4、 Key points of electronic grade trichlorosilane special gas filling and quality control
(1) Key points of electronic grade trichlorosilane special gas filling
The electronic grade trichlorosilane special gas filling system mainly includes: gas supply pipeline and accessories, gas cylinders, gas cylinder cabinets, and particle filtration and counting. The surface finish of all pipelines and components in contact with gas is 10Ra, and the material is 316L stainless steel. Gas cylinders shall be subject to strict leakage detection. The surface area of parts in contact with gas shall be the smallest. Pipeline valves generally adopt diaphragm valves without springs and fillers, pipeline welding adopts track welding, and pipe fittings are connected with VCR joints. The instrument gas of the display instrument of the gas cylinder cabinet needs to be equipped with a purifier to filter out particulate impurities, moisture or oxygen and prevent the purge gas from being brought into the process gas system.

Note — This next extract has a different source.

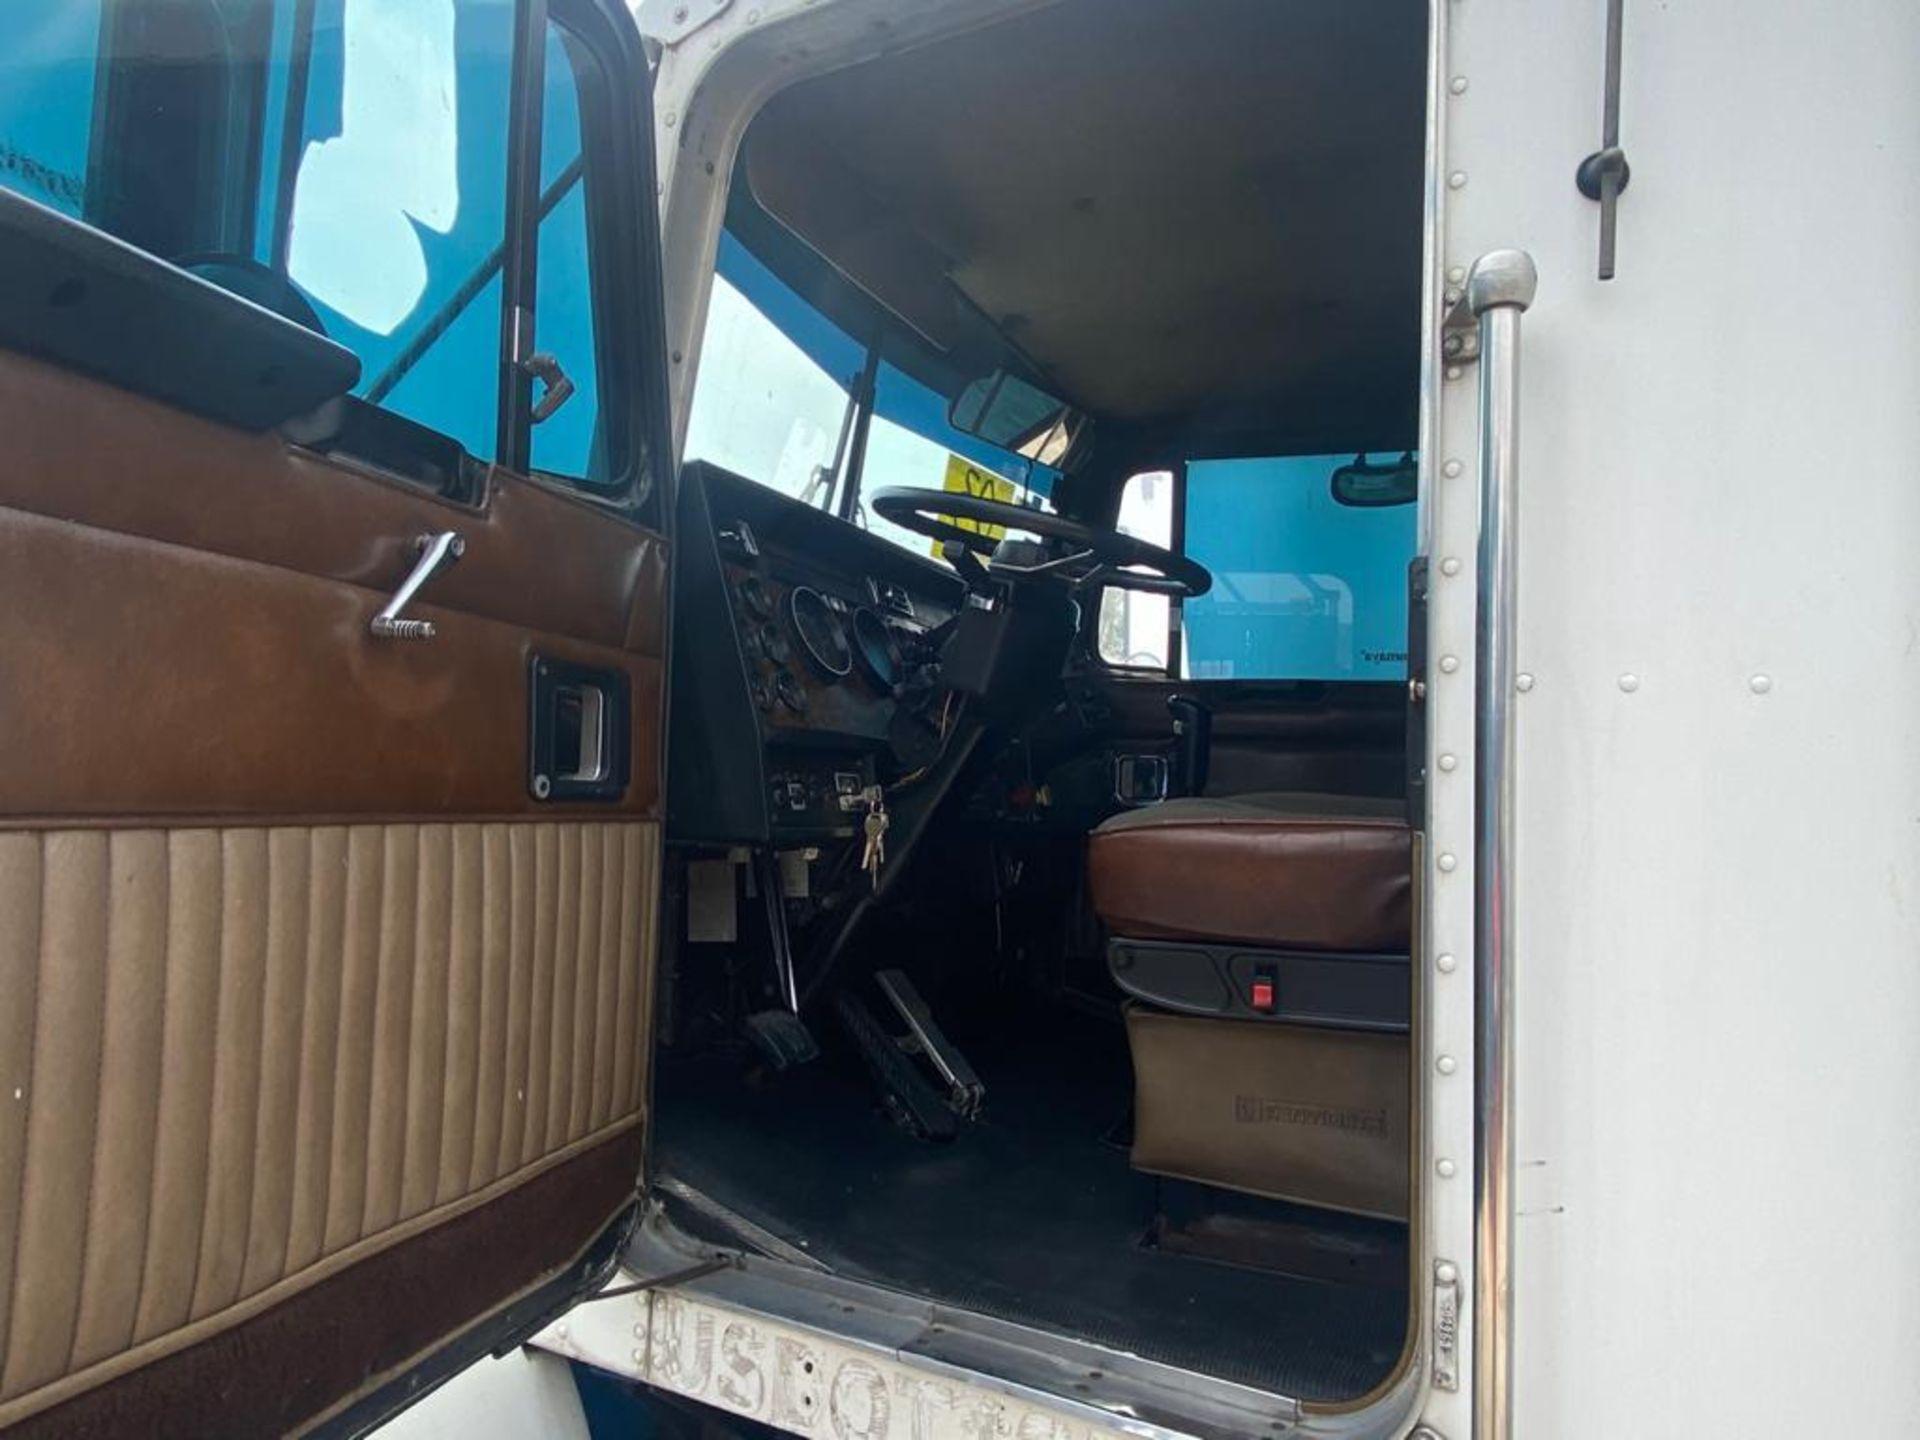 1999 Kenworth Sleeper truck tractor, standard transmission of 18 speeds - Image 24 of 62

(2) Quality control points of electronic grade trichlorosilane special gas
1. filling cylinder cleaning
The steel cylinders filled with high-purity special gas must be clean and free of pollution. The new gas cylinders need to be strictly cleaned before use. The cleaning process mainly includes deoiling, dehydration, vacuuming, product replacement and washing. Finally, the trichlorosilane in the steel cylinders is sampled for analysis. After several product exchanges and washing, until the trichlorosilane meets the product requirements, the steel cylinders filled with qualified trichlorosilane are sampled for analysis after being placed for 3 months. Until the trichlorosilane in the steel cylinders reaches the standard, the steel cylinders can be put into normal use.
2. quality evaluation
In order to ensure that the quality of high-purity trichlorosilane meets the requirements, avoid unqualified products entering downstream users, and cause pollution to the filling system, quality evaluation must be carried out before filling each batch of products. The evaluation method is as follows: the high-purity trichlorosilane product is vaporized and passed into the test furnace, followed by ultra pure hydrogen. In the test furnace, polycrystalline silicon rods with a diameter of about 20mm are grown by chemical vapor deposition. The polycrystalline silicon rods are sent to the laboratory to be drawn into monocrystalline silicon rods by zone melting single crystal furnace. After slicing, the donor and acceptor impurity content is determined by low-temperature Fourier transform infrared spectrometer, and the metal impurity content is determined by ICP-MS. Only after confirming that the impurity index meets the requirements can it be filled into the sales link.
epilogue
With the rapid development of China's integrated circuit industry, it is imperative to realize the localization of key basic material electronic grade trichlorosilane special gas. Some domestic enterprises, especially those with electronic grade polysilicon production technology, have mastered electronic grade trichlorosilane purification technology, but it is still urgent to establish quality control standards for filling and transportation process.